▶ _WHAT IS BEING ASKED_: The result should be the full listing copied exactly, with no pictures in it.

▶ _MATERIAL PROVIDED_:
==============================
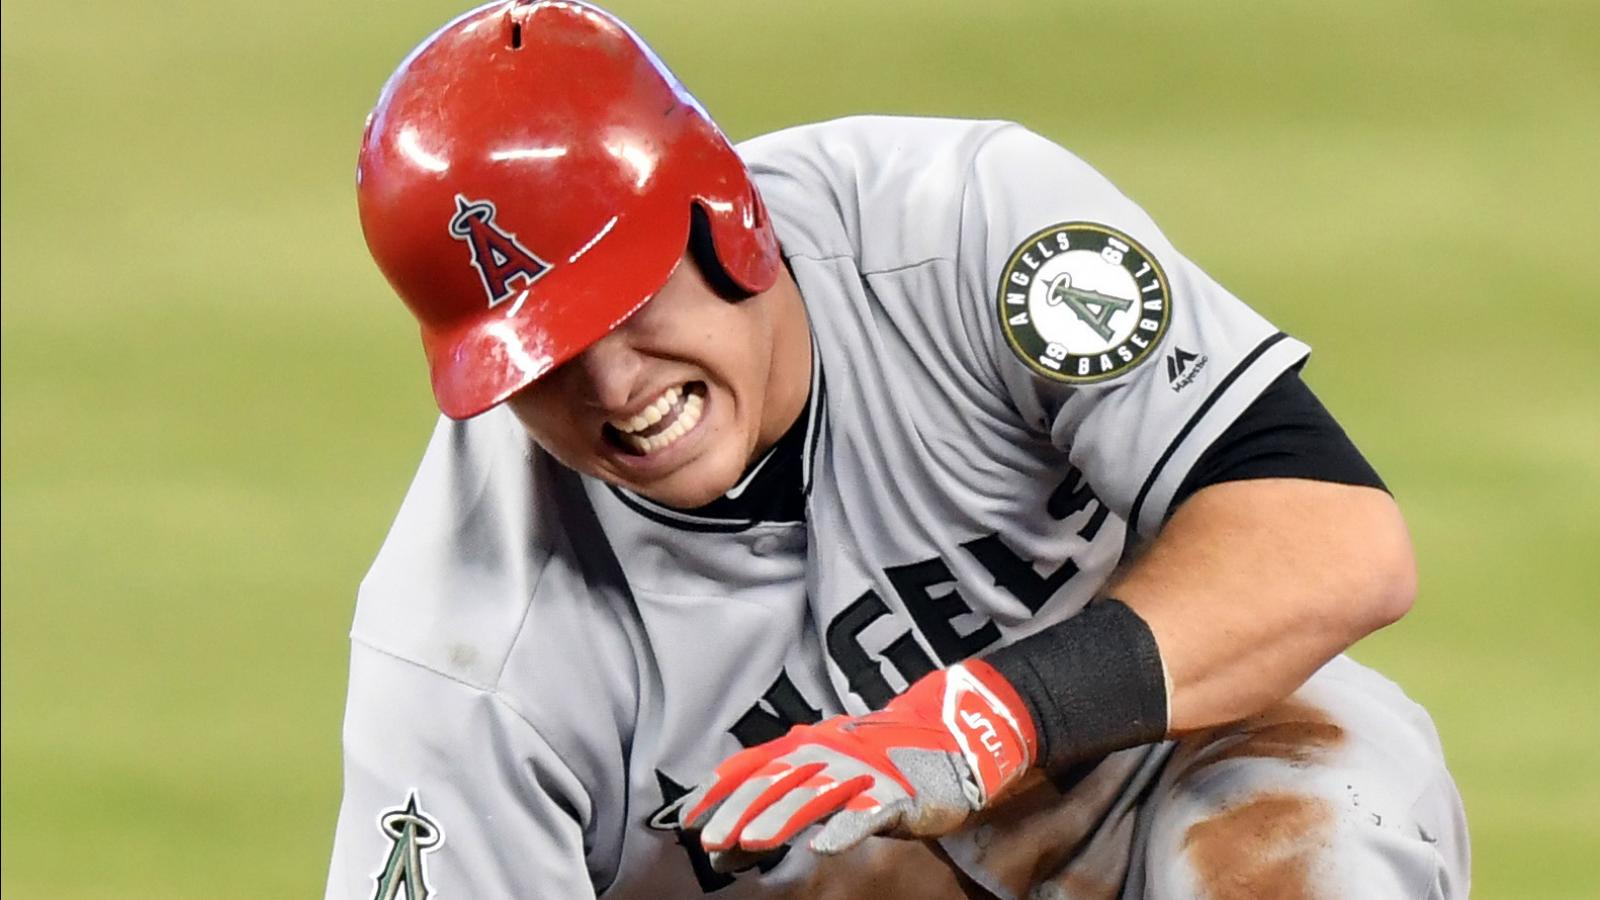 053017-MLB-MikeTrout-PI
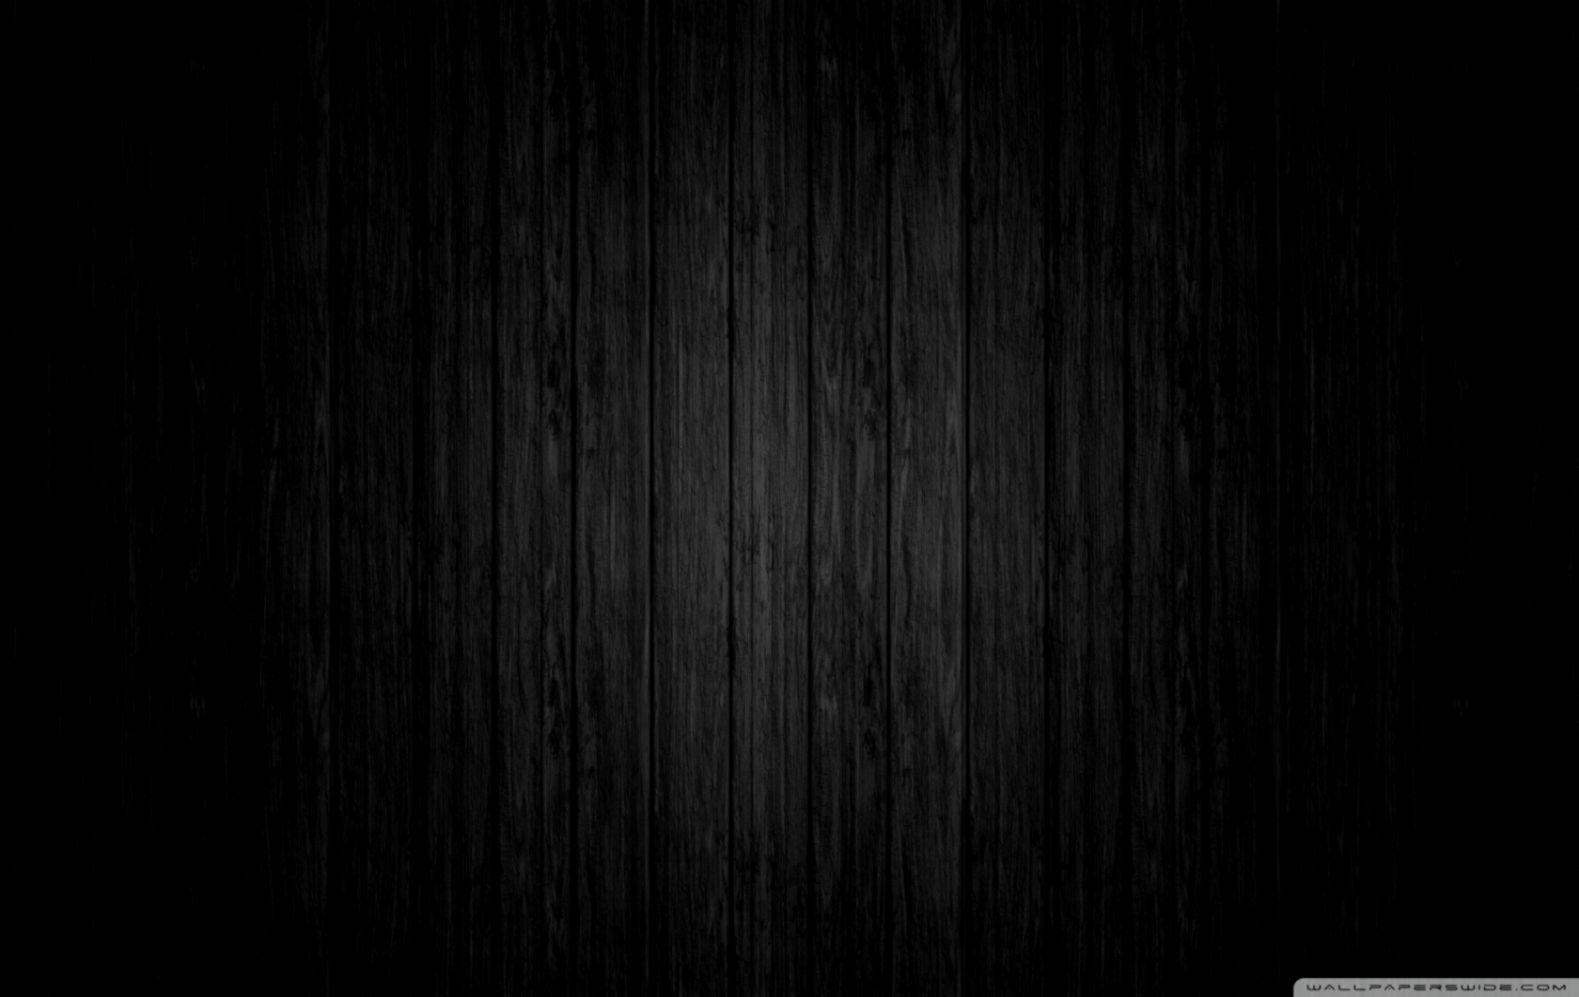 Black Background 4k Wallpaper
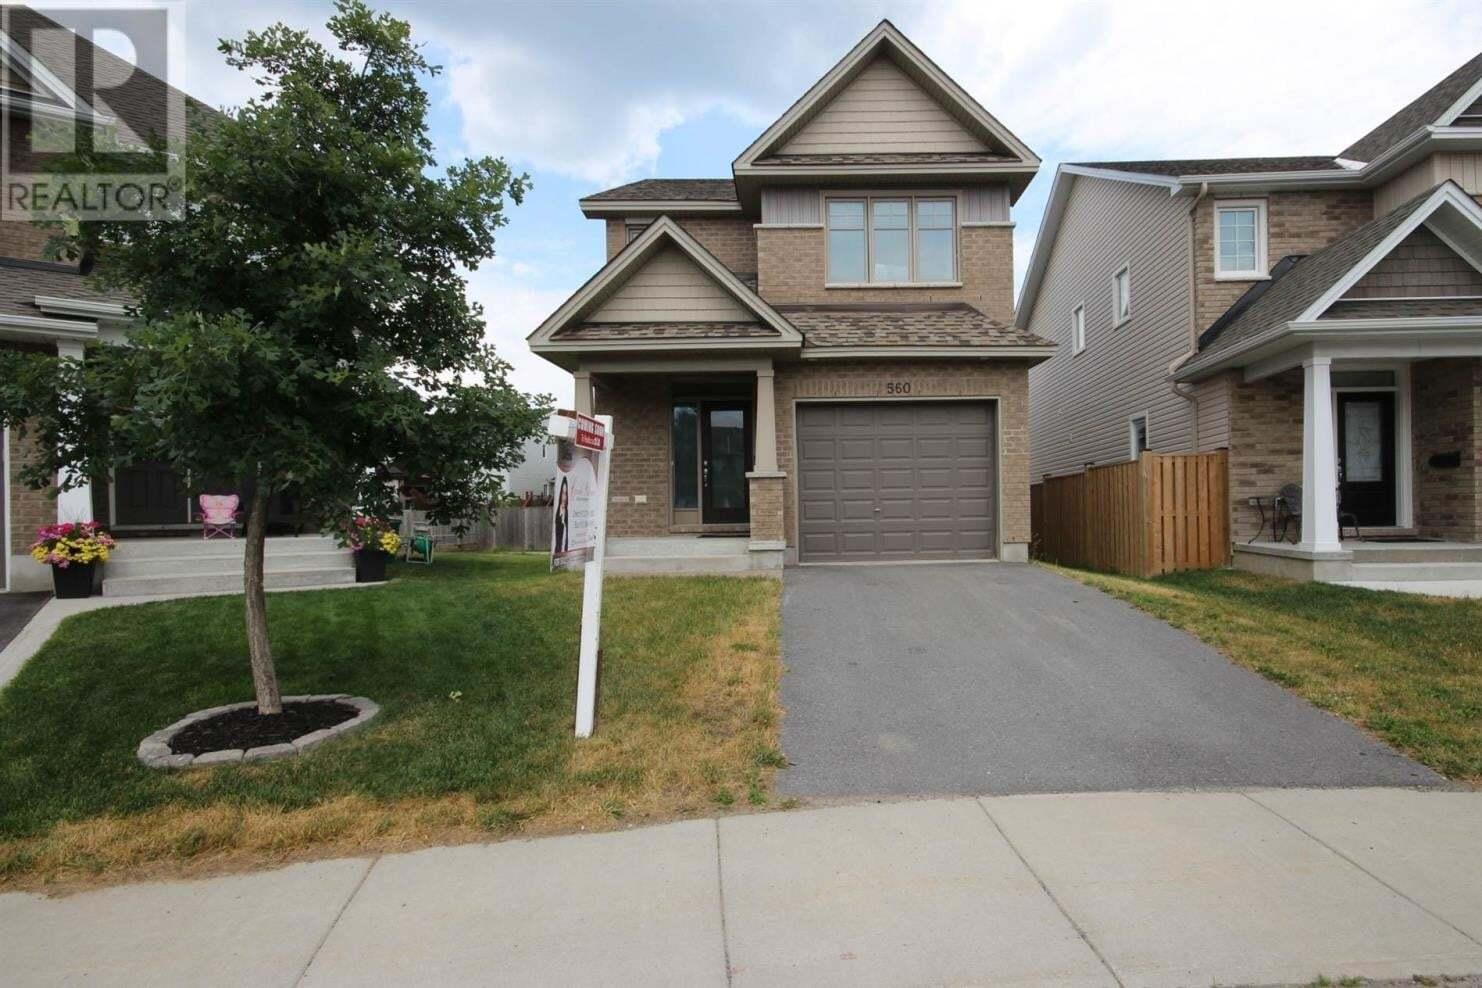 House for sale at 560 Savannah Ct Kingston Ontario - MLS: K20003702
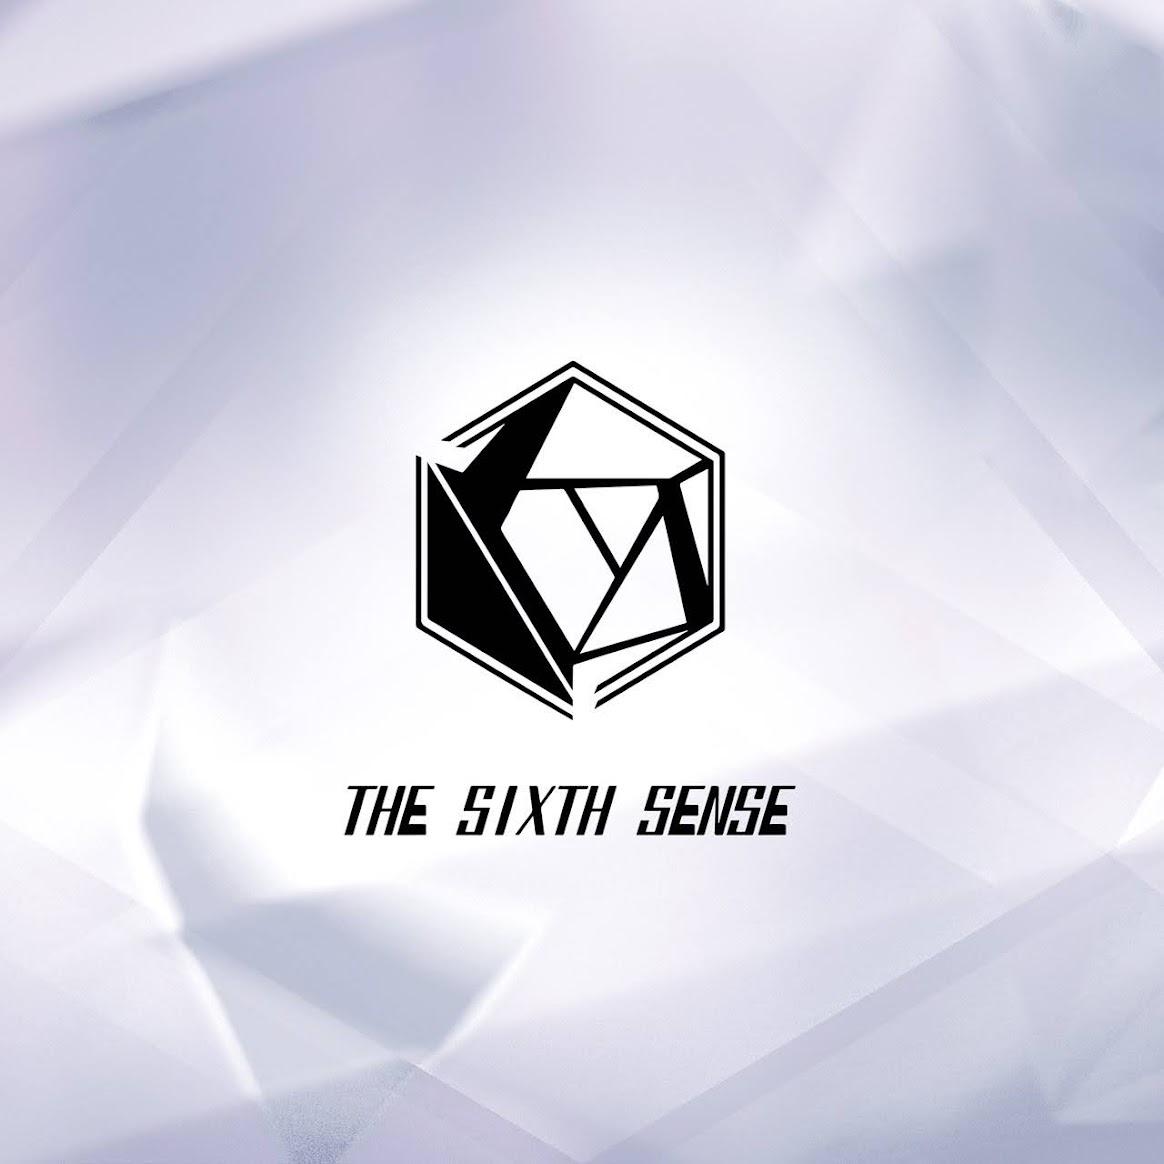 Reol 新作〈第六感〉MV 人氣團體 東京ゲゲゲイ ( Tokyo Gegegay )也來客串!
==============================
▶ _SOLVED PROBLEM_:
 053017-MLB-MikeTrout-PI
 Black Background 4k Wallpaper
 House for sale at 560 Savannah Ct Kingston Ontario - MLS: K20003702
 Reol 新作〈第六感〉MV 人氣團體 東京ゲゲゲイ ( Tokyo Gegegay )也來客串!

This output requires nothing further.